Here´s one website dedicated to her, including a discography http://wimdehaan.nl/nikolayeva/index.html


----------



## Ukko (Jun 4, 2010)

TN's reputation today is colored by recordings made during her days of failing health, particularly the Beethoven sonatas.

I have kept my copy of the Shostakovitch P&Fs she recorded, both because I enjoy them and because they are probably a reflection of the composer's intent. I usually listen to Woodward's version - that Bösendorfer is a fine instrument - but occasionally 'recalibrate' with hers.


----------



## Mandryka (Feb 22, 2013)

I'm going to put a whole bunch of her Bach recordings on symphonyshare. I have the Bach Partitas from 1980, the Well Tempered Clavier from the early 1970s, the French Suites from the mid 1980s and two English suites from 1965. I'm coming to the opinion that she had lost the genius by the start of 1980. The WTC and English Suites are well worth hearing though. The later ones are fine, but nowhere near as daring.
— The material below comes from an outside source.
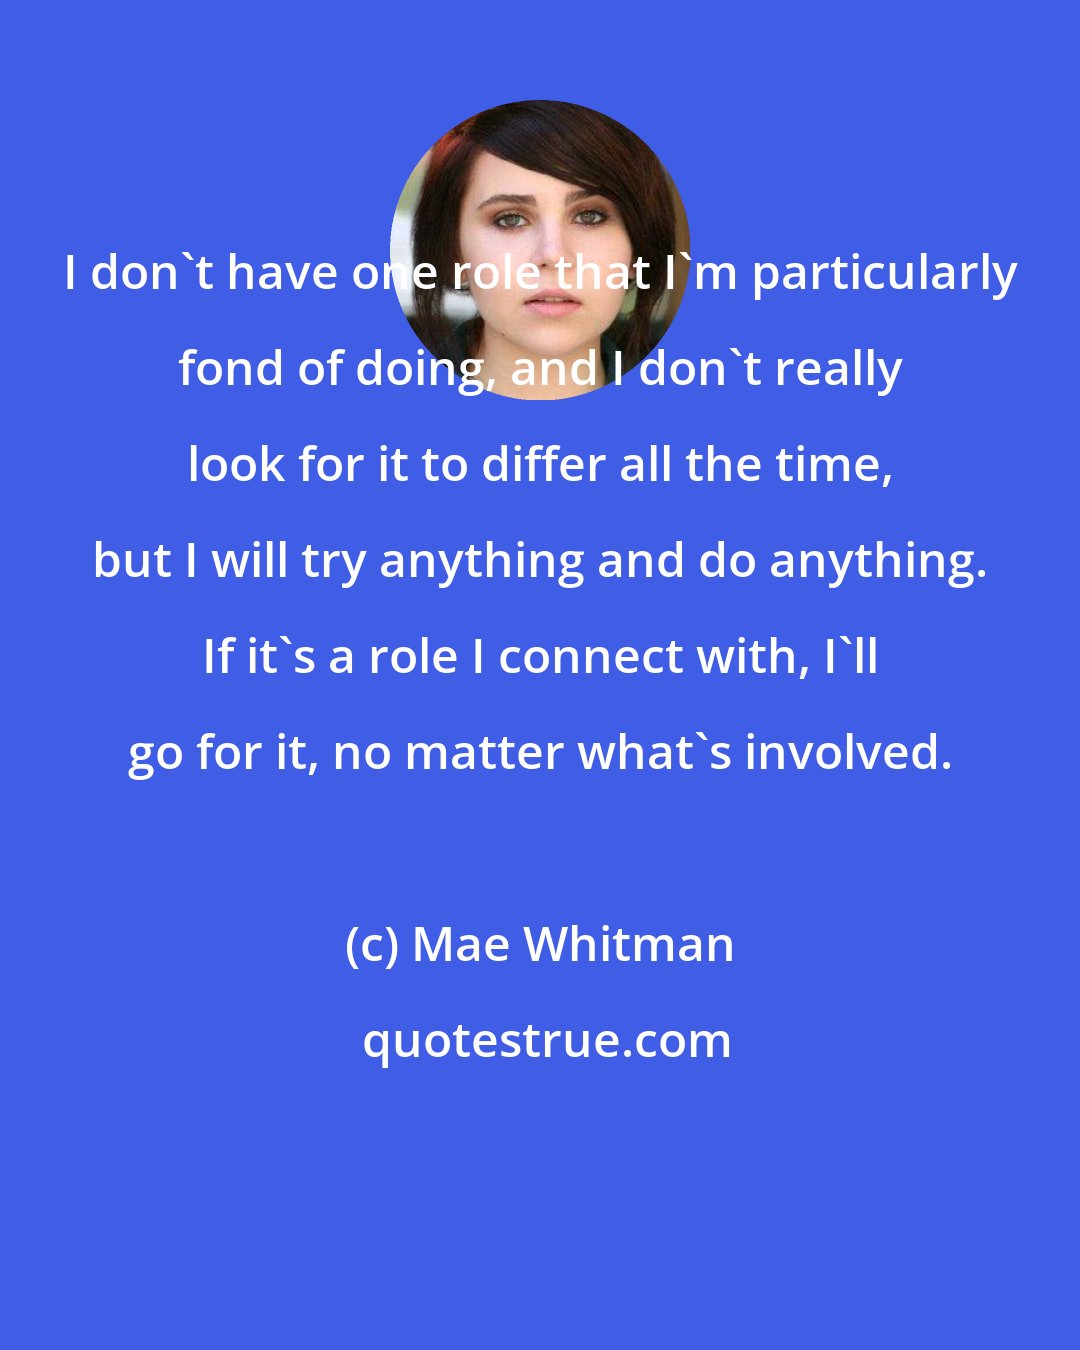 Mae Whitman: I don't have one role that I'm particularly fond of doing, and I don't really look for it to differ all the time, but I will try anything and do anything. If it's a role I connect with, I'll go for it, no matter what's involved.

What I've heard of the Beethoven has been embarassing. But I haven't heard much from the set. I've ordered her Diabelli Variations but the CD hasn't arrived yet. I'm not sure if I've ordered the 1979 or the 1981 performance.


----------



## Guest (Nov 7, 2013)

I like her Bach Goldberg Variations on Hyperion.


----------



## Bulldog (Nov 21, 2013)

For me, it's easily her Shostakovich Op. 87 - any of her three recordings. For an industrial strength interpretation and bleakness to die for, she can't be beat.


----------



## Mandryka (Feb 22, 2013)

joen_cph said:


> Interesting post. You mention recordings I haven´t heard, and the Bach WTC sounds intriguing.
> 
> I usually find her good, it´s a rather heavy and masculine, Gilels-like style.
> 
> ...


Seeing this tread come up again has reminded me that I meant to thank you for pointing out that Nikolayeva on-line discography, which was very helpful.

One recording I found through it, still in print, is her Bach Partita 4 on Hungaroton. I think it's wonderful.


----------